---------- PROVIDED DATA

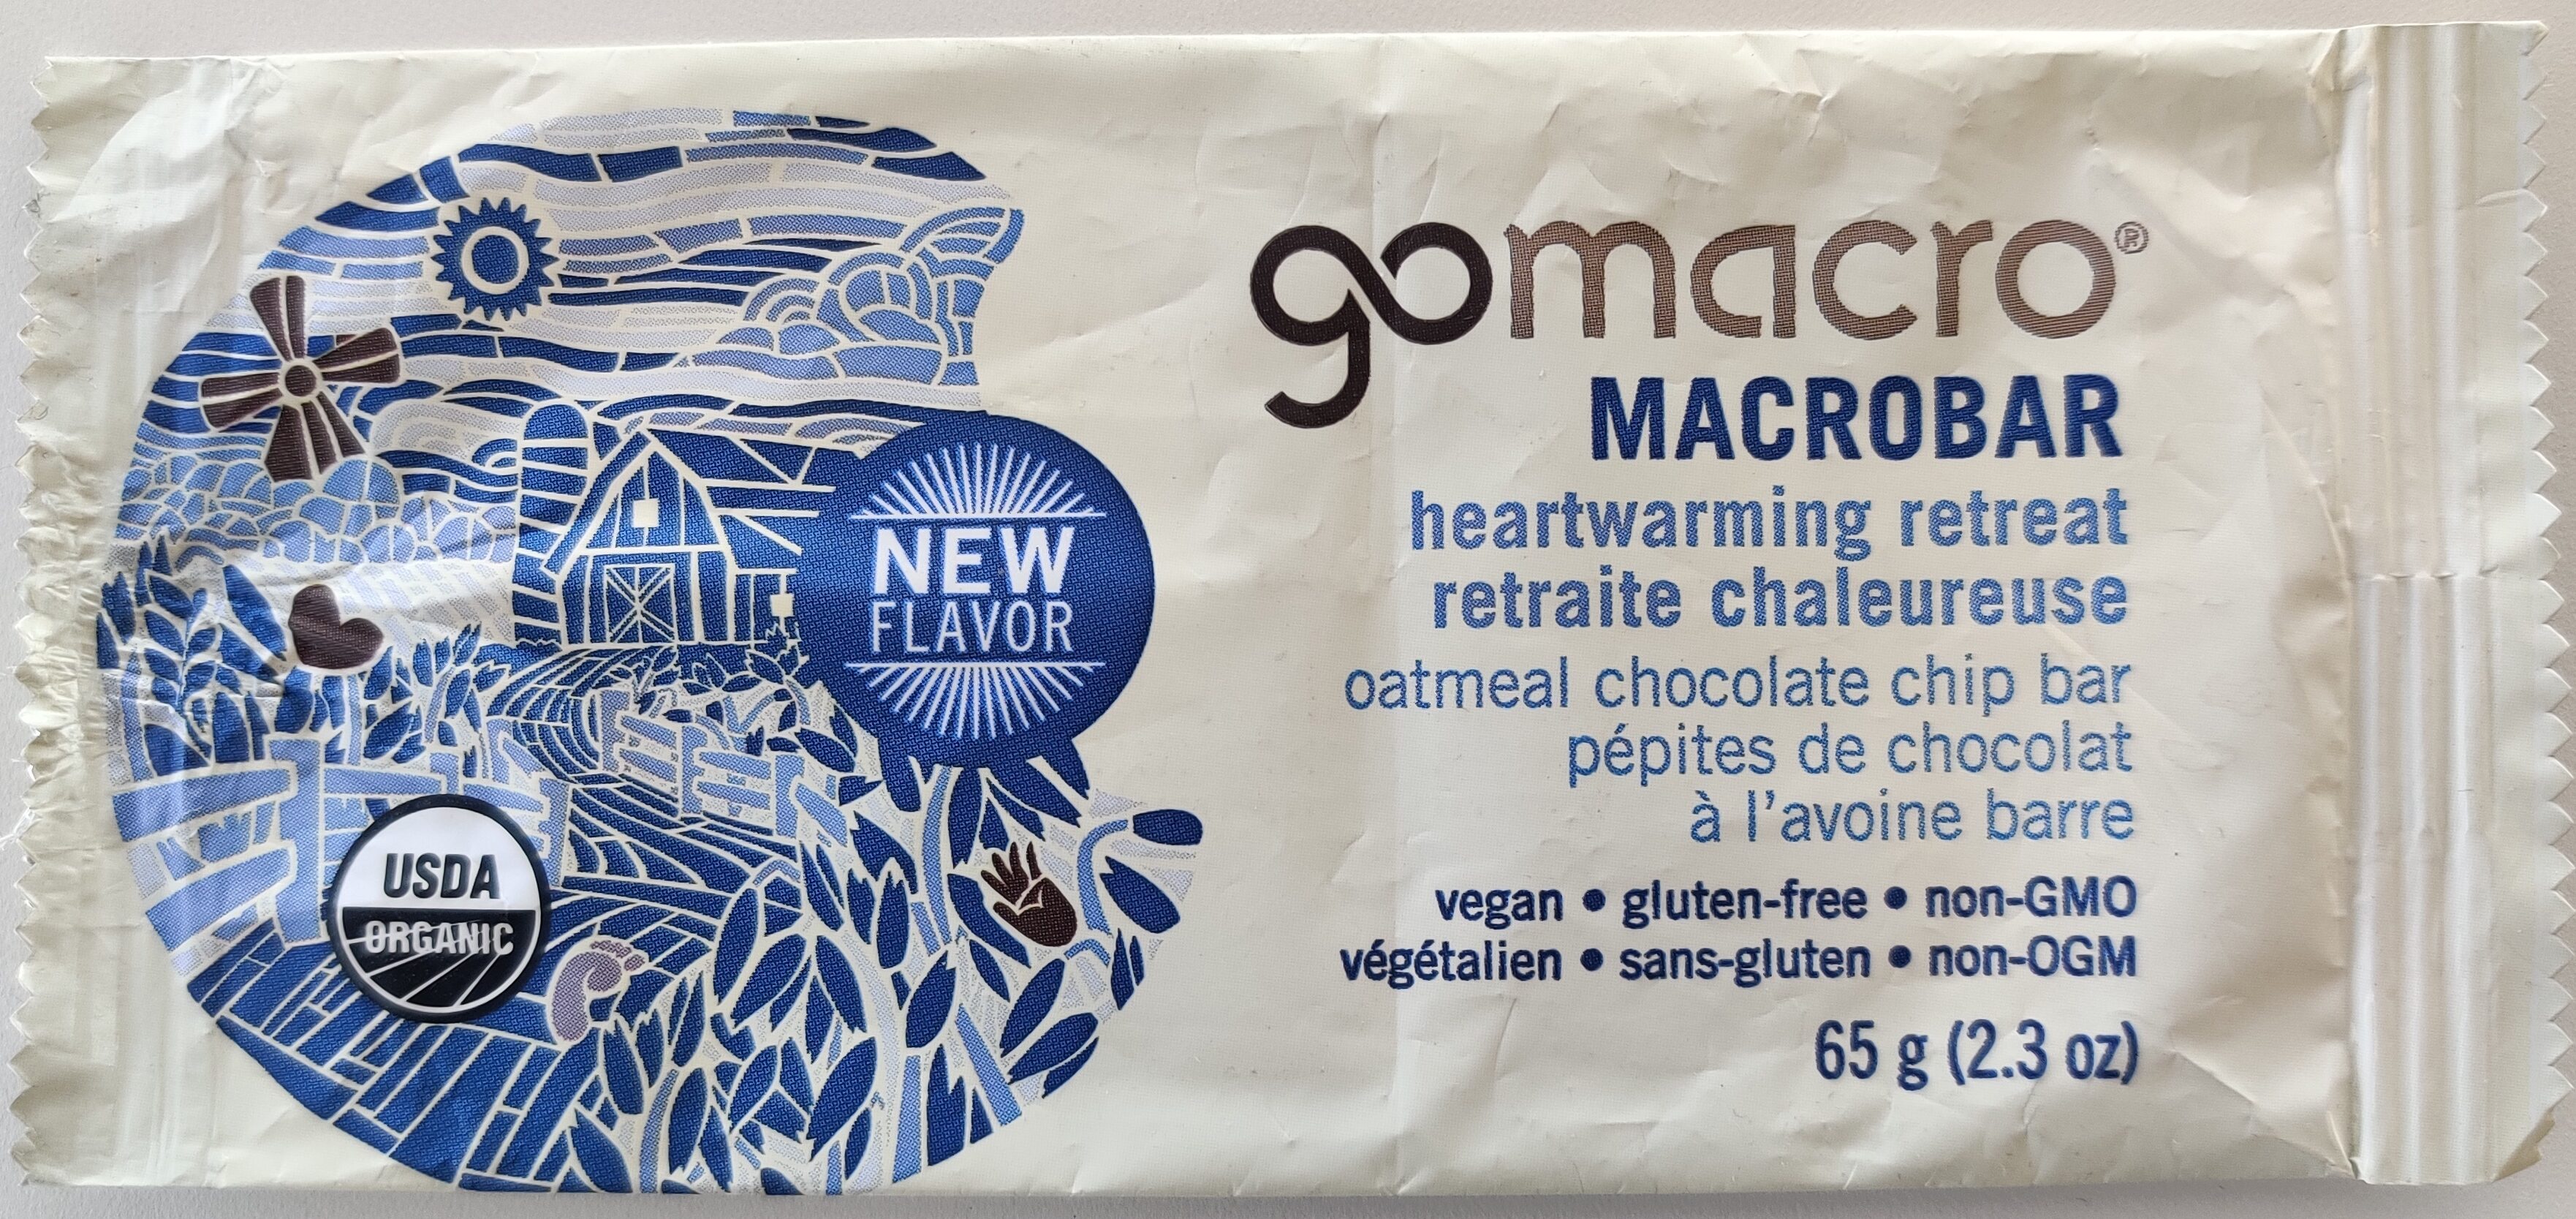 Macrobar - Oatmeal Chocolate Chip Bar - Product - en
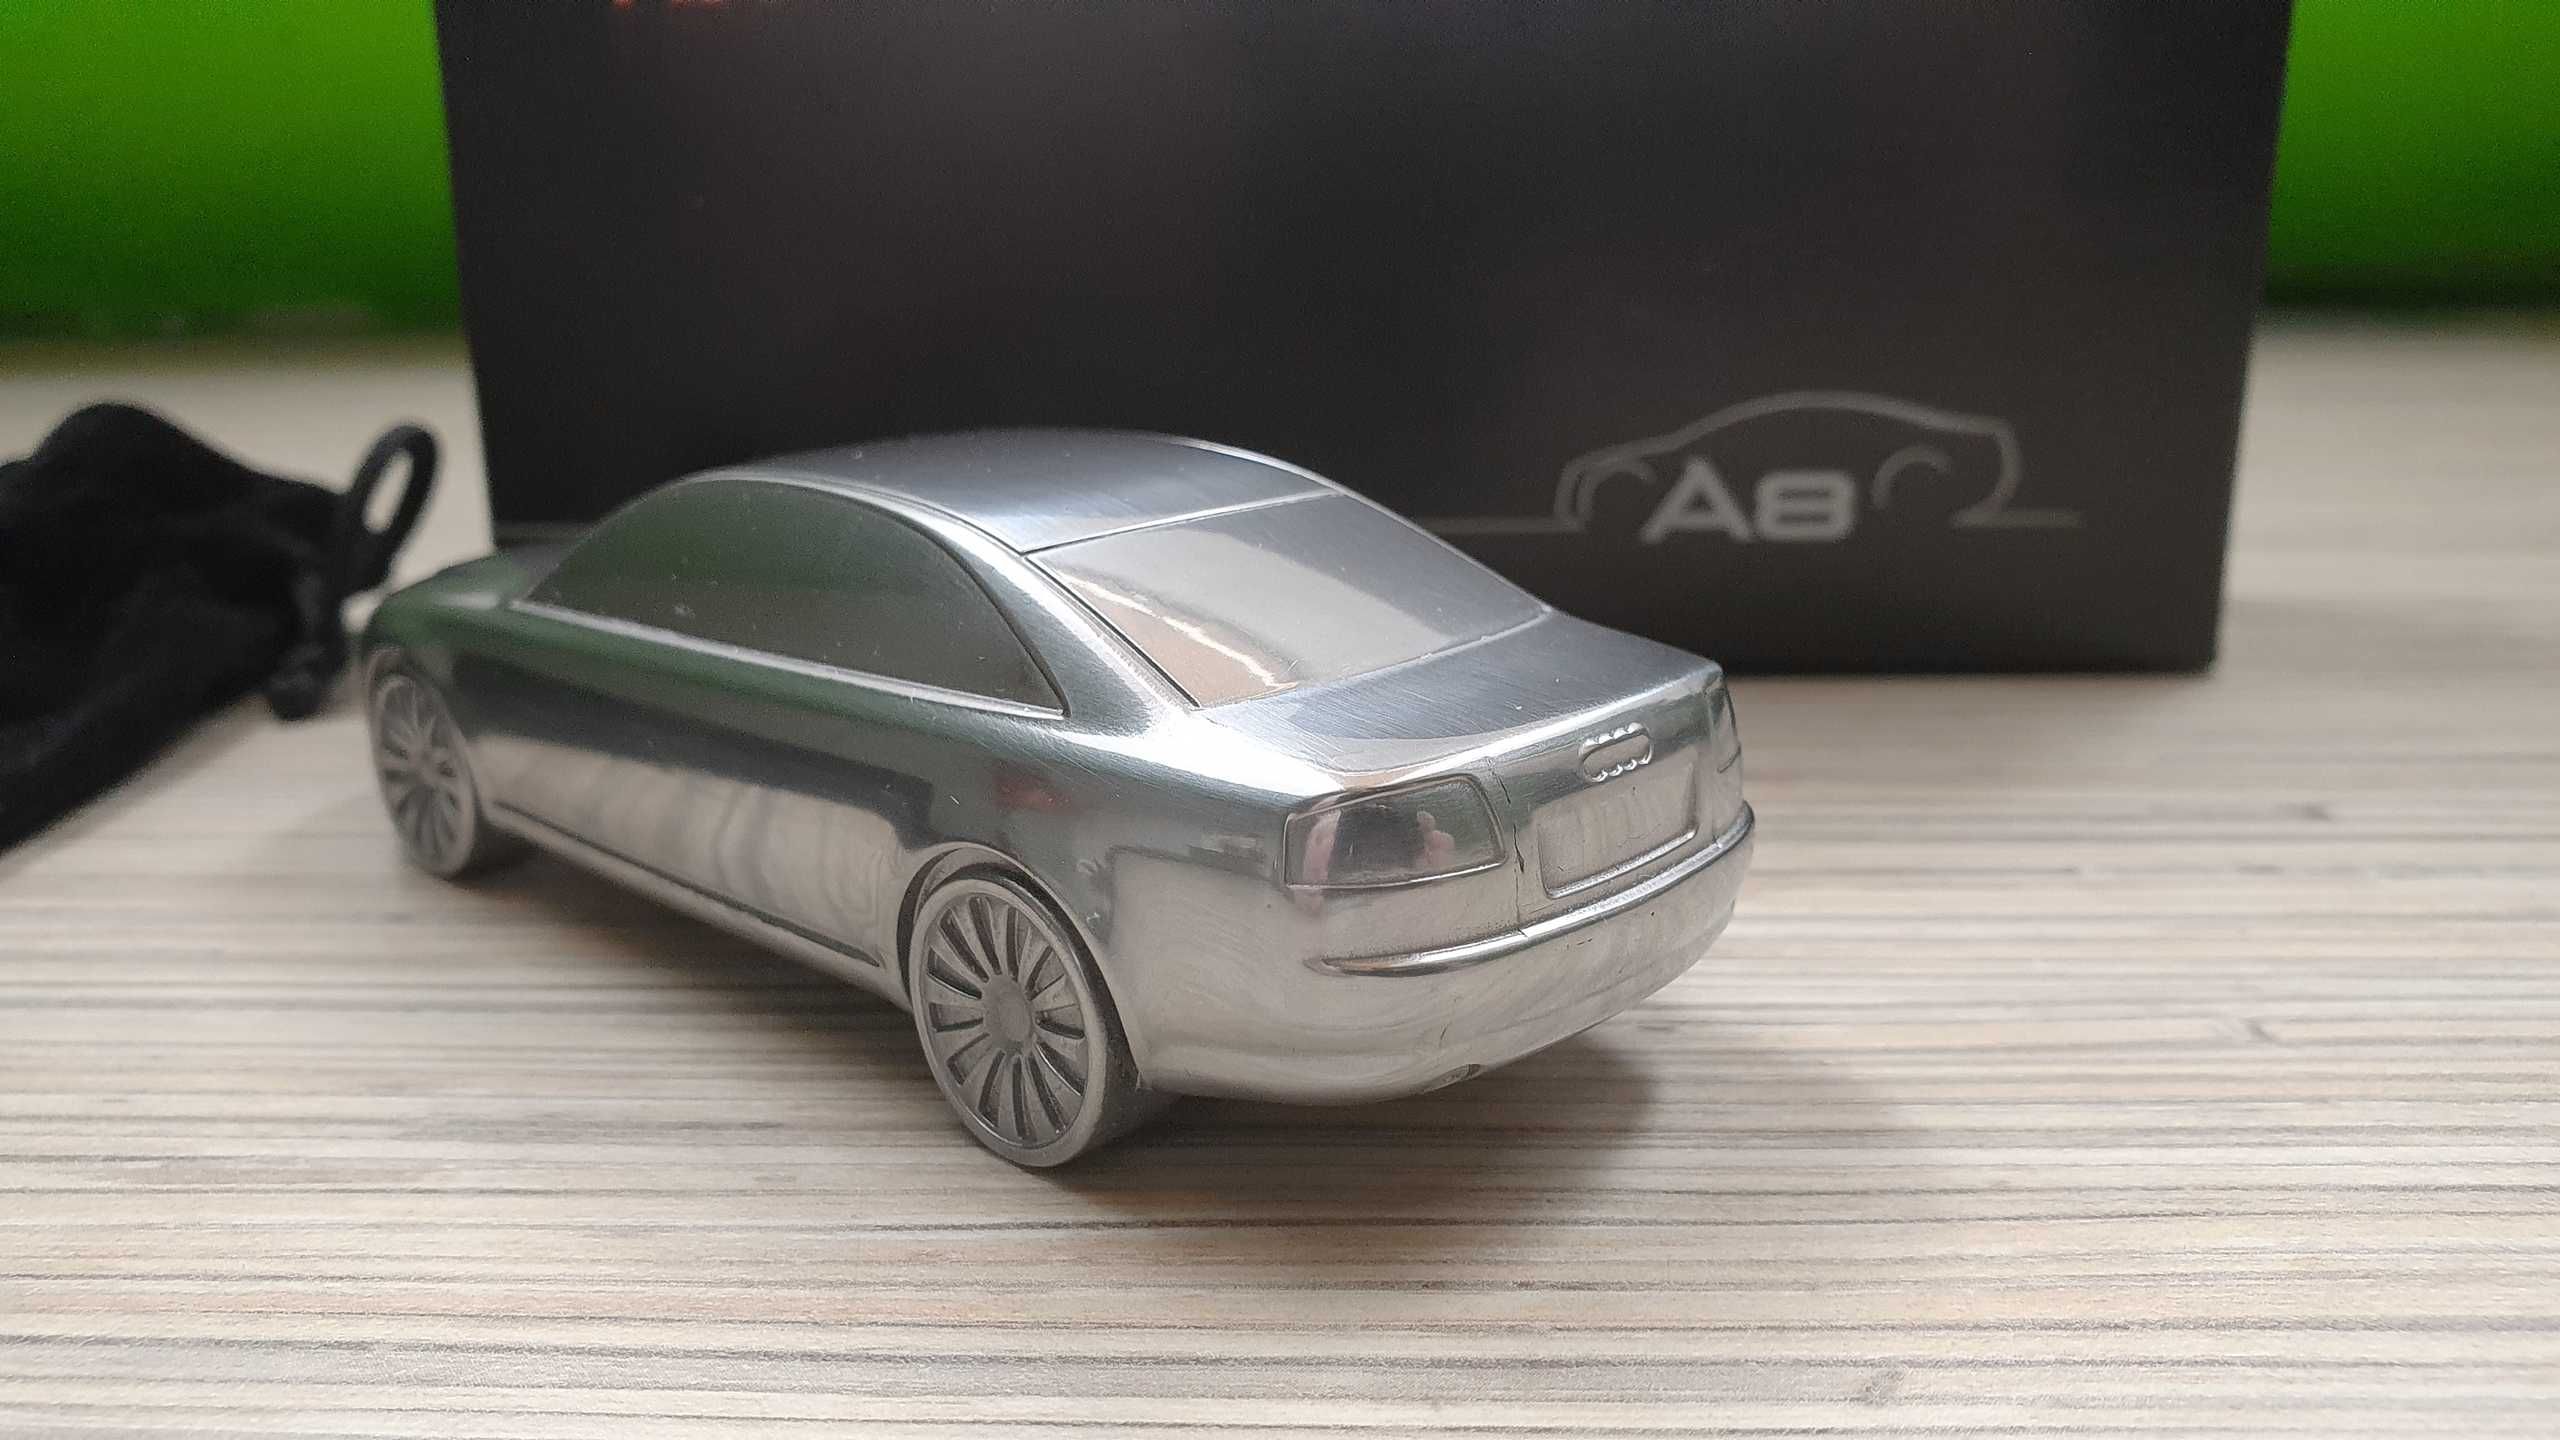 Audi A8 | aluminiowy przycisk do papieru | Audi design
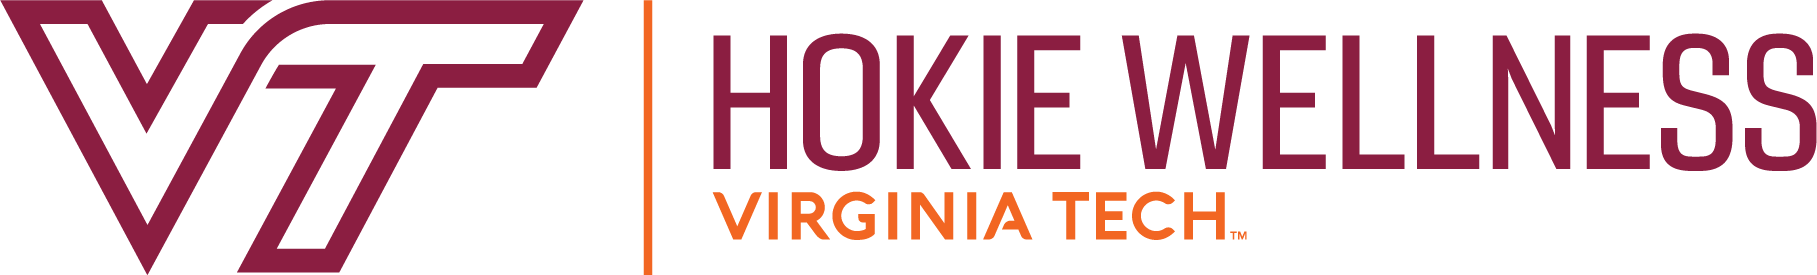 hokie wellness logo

--------------------

▸ YOUR INSTRUCTIONS: In copying the material, drop all pictures and keep everything else identical.

▸ TASK SOLUTION:
 Macrobar - Oatmeal Chocolate Chip Bar - Product - en
 Audi A8 | aluminiowy przycisk do papieru | Audi design
 hokie wellness logo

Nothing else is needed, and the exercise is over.